Dark Angels are probably the codex that will see the most use out of Landspeeders, simply because they have the most different _types_ available to them. The Vengeance is still an AV 10 'heavy' landspeeder, using a 24" plasma weapon. Sadly that brings it too close to too many weapons that can blow it up too easily. The Darkshroud is an interesting little toy that allows everything around it to get Shrouded, which, coupled with jink, means that it can have some durability... but honestly, there are too many things that ignore Cover lately. Plus of course they have access to more Landspeeders than anyone else. They can take them as Support Squadrons in the Fast Attack slot, and also as part of the Ravenwing Attack squad if it's full of bikes and the Attack Bike. Again, the Typhoon is probably the most common configuration because it can hide in a corner and blow stuff up from afar.


----------



## Archon Dan (Feb 6, 2012)

My 6th ed Philosophy on Land Speeders is that they should be used for anti-horde. Dark Angels can make a killer use of this build because they can take a squad of 5 over 3. Either, a squad with Heavy Bolters and Typhoons can cause serious problems for a horde army. I say, leave them in Reserve and come on from the board edge. Being able to move 12" and fire both weapons should put quite a bit in range after a turn or 2 of enemy movement.

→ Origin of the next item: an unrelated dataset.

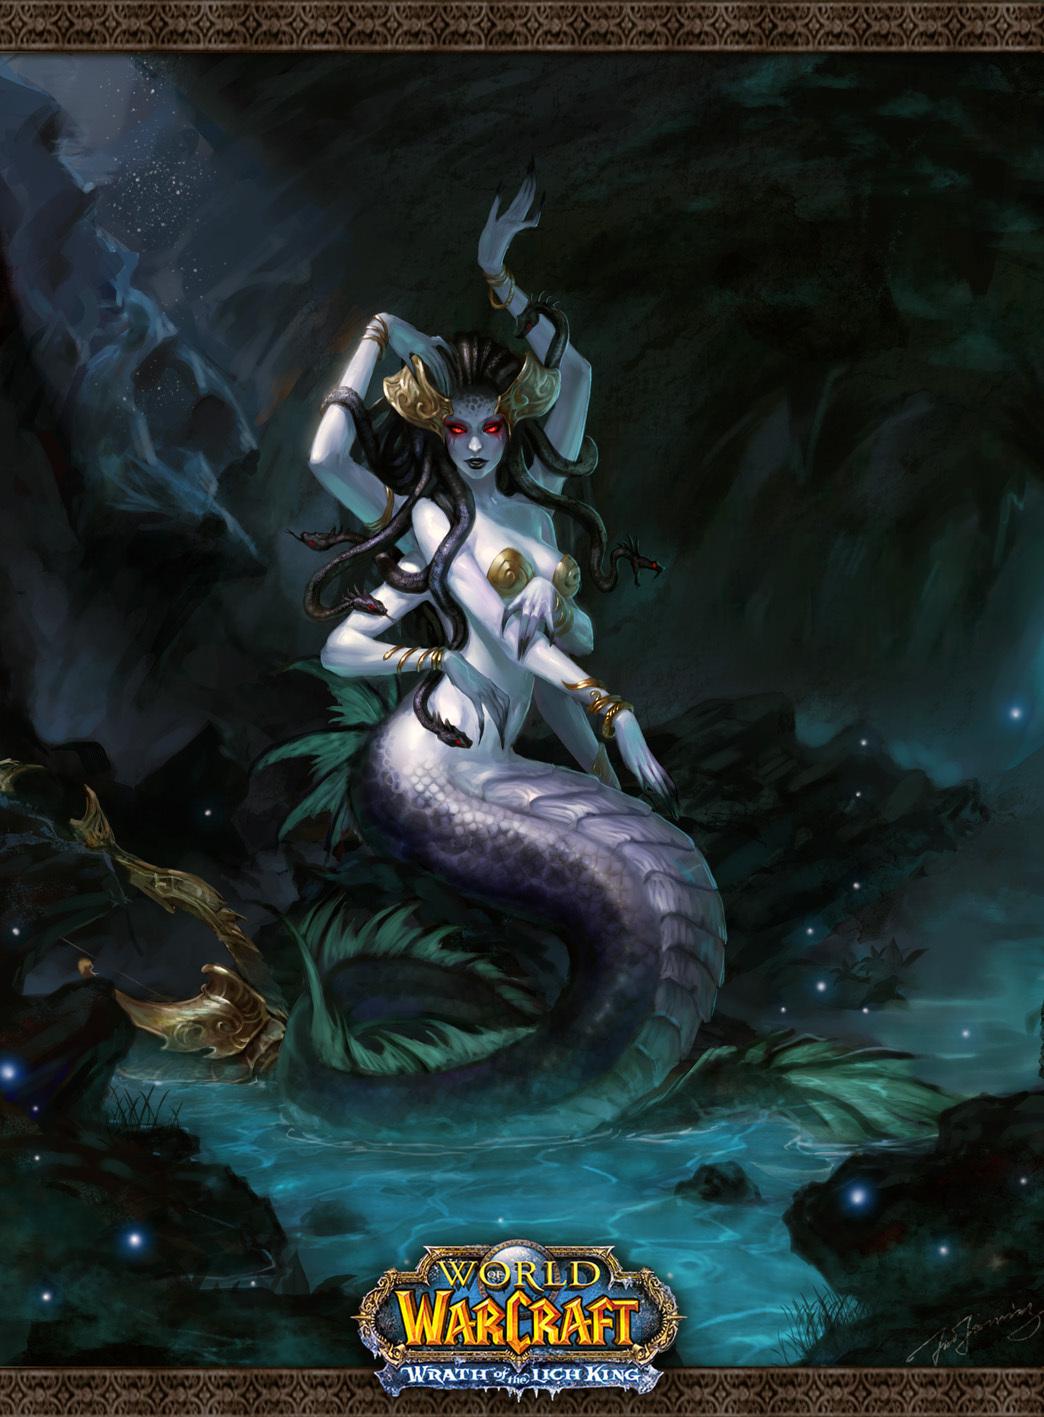 Warcraft hent image hd pron pics
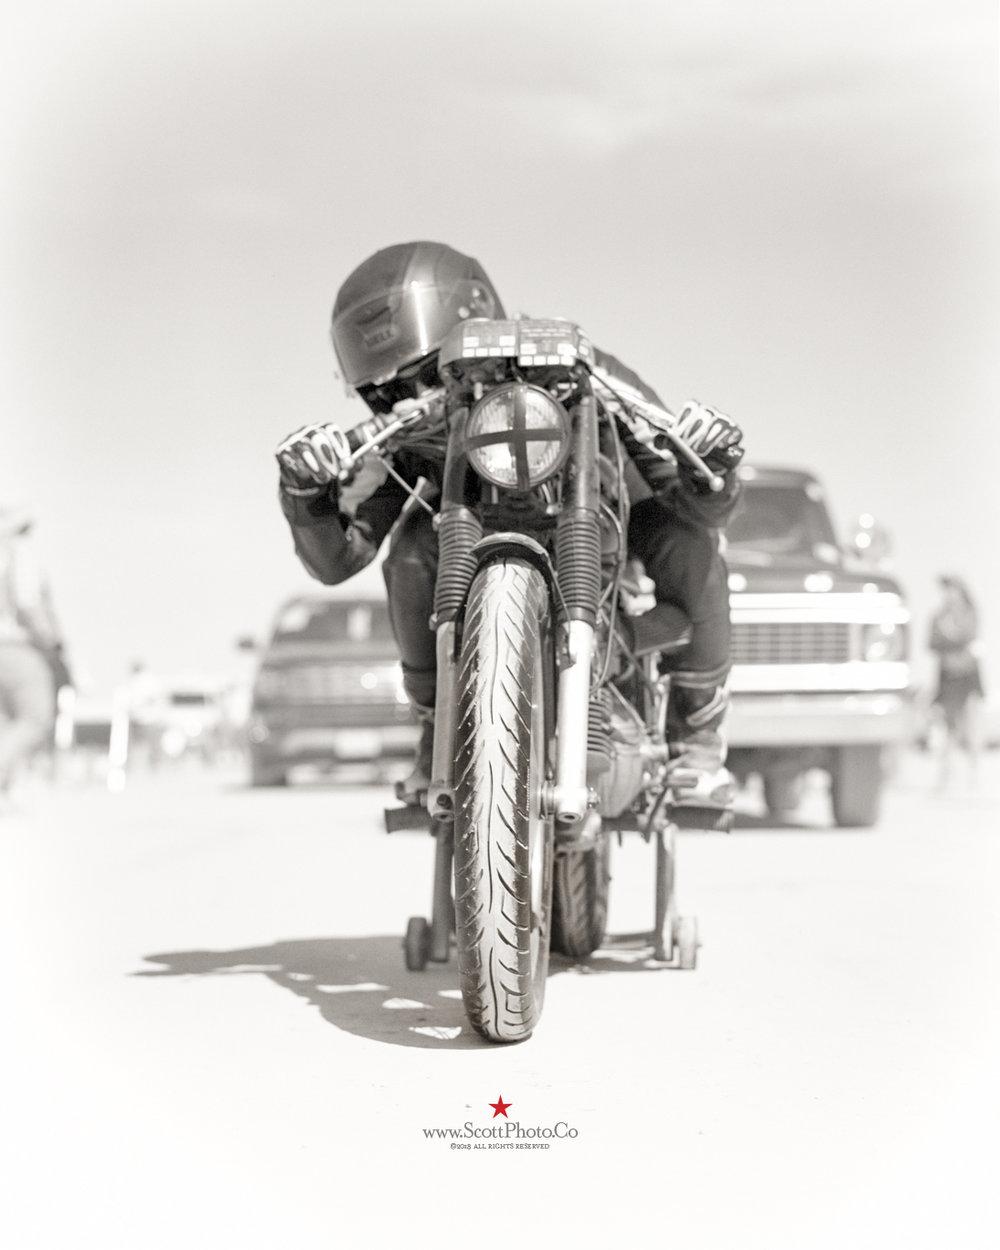 Stacie B. London El Mirage Dry Lake Bed Sunday, June 10, 2018  1967 Harley Davidson (Aermacci)

Maybe I'm just used to Dark Eldar but I don't think AV10 with a 5+ Jink is too terrible. You just have to know how to use. That is, you need to know when to be careful and when a reckless risk is worthwhile. But so few players want to take those gambles.


----------



## Fallen (Oct 7, 2008)

you also usually have shenanigans to reduce enemy range by 6" and an invul save.

and your AV10 vehicles are transports, which will at some point in time have to get close to the enemy.


----------